Healthcare Technology Featured Article

May 21, 2012

FCC to Vote on New Wireless Communication Spectrum for Medical Users


It’s what many companies are willing to pay anything for, but the Federal Communications Commission (FCC) is considering giving it away for free to hospitals and healthcare providers so they will have their very own part of the radio spectrum to send and receive signals.

Wireless frequencies are the radio portion of the electromagnetic spectrum. The radio spectrum spans a certain, limited frequency range. The radio spectrum is the area in which signals from cell phones and other devices travel to be transmitted. The range of frequencies is fixed and limited, being determined by physics of the universe, according to phonescoop.com.

The range of frequencies with properties useful for cell phones is small. Therefore, in the U.S., the FCC has control over the allocation of these frequencies, phonescoop.com reports. What if it didn’t? If more than one use is provided the same frequency, calls will overlap and interfere with other calls. Imagine someone calling a friend to talk about the latest Katy Perry concert when your hospital is trying to receive a signal that your heart has stopped?  If you’re old enough, you remember the old days when operators connected you and you frequently overheard someone else’s conversation as the lines crossed. 

This is what the FCC is trying to avoid. The commission on May 24 will vote on the adoption of the final rules to allocate a wireless communication spectrum for operating Medical Body Area Networks, or MBANs, according to a story at healthdatamanagement.com.

MBANs are wireless patient monitoring systems that allow clinicians to remotely monitor vital signs of patients, according to an FCC explanation, healthdatamanagement.com posts.
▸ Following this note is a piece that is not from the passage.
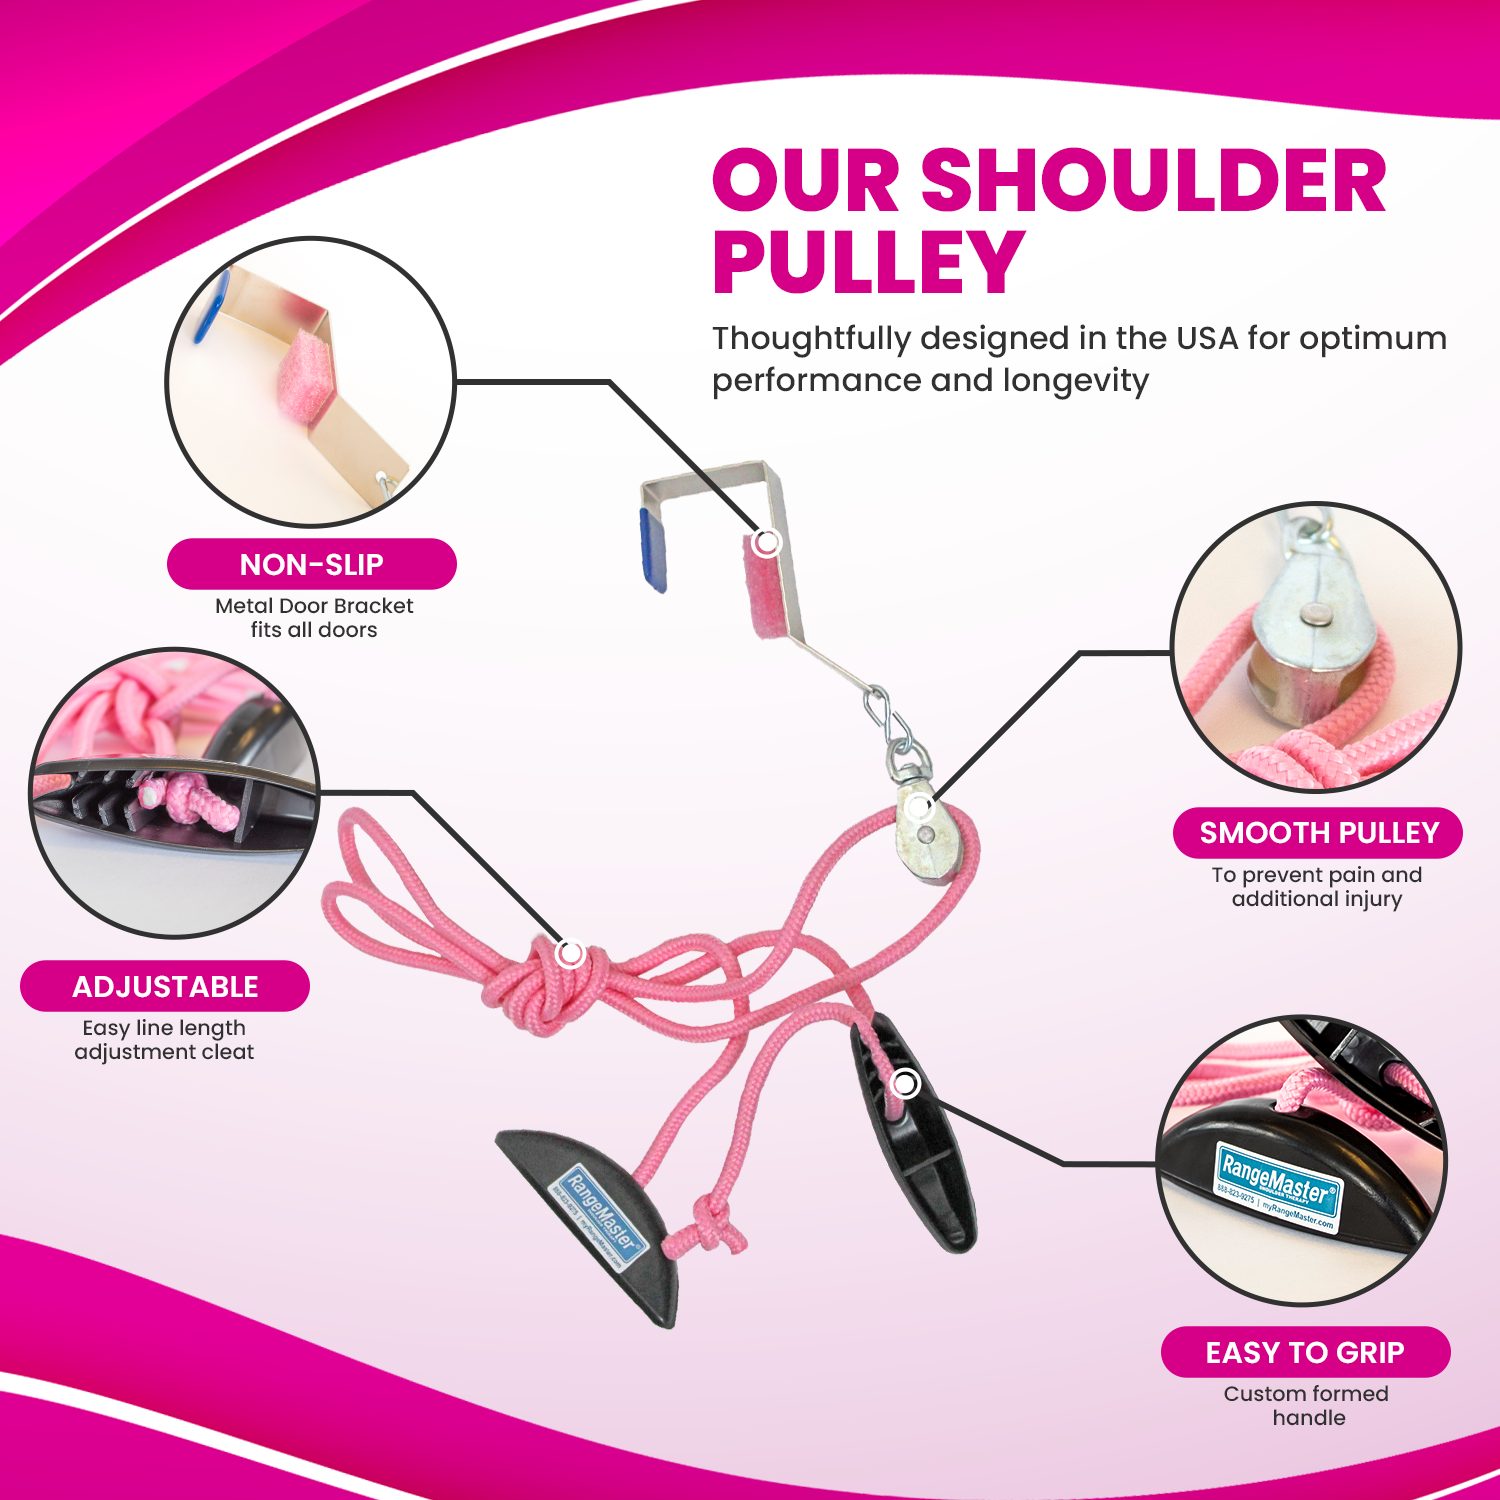 Slim Panda Shoulder Pulley for Physical Therapy, Over-The-Door Pulley  System for Increases Shoulder and Arm Range of Motion, Relieves Shoulder  Pain

The monitoring of vital signs is crucial for people with cardiac and other diseases to make sure they are not in need of intervention when not physically under a doctor’s care.

“Back in 1923, a doctor’s manual stated that the telephone had become as necessary to the physician as the stethoscope,” said FCC Chair, Julius Genachowski, at a recent media event. “Today, healthcare is being transformed once again, this time by high-speed Internet access, or broadband--wired and wireless, fixed and mobile.”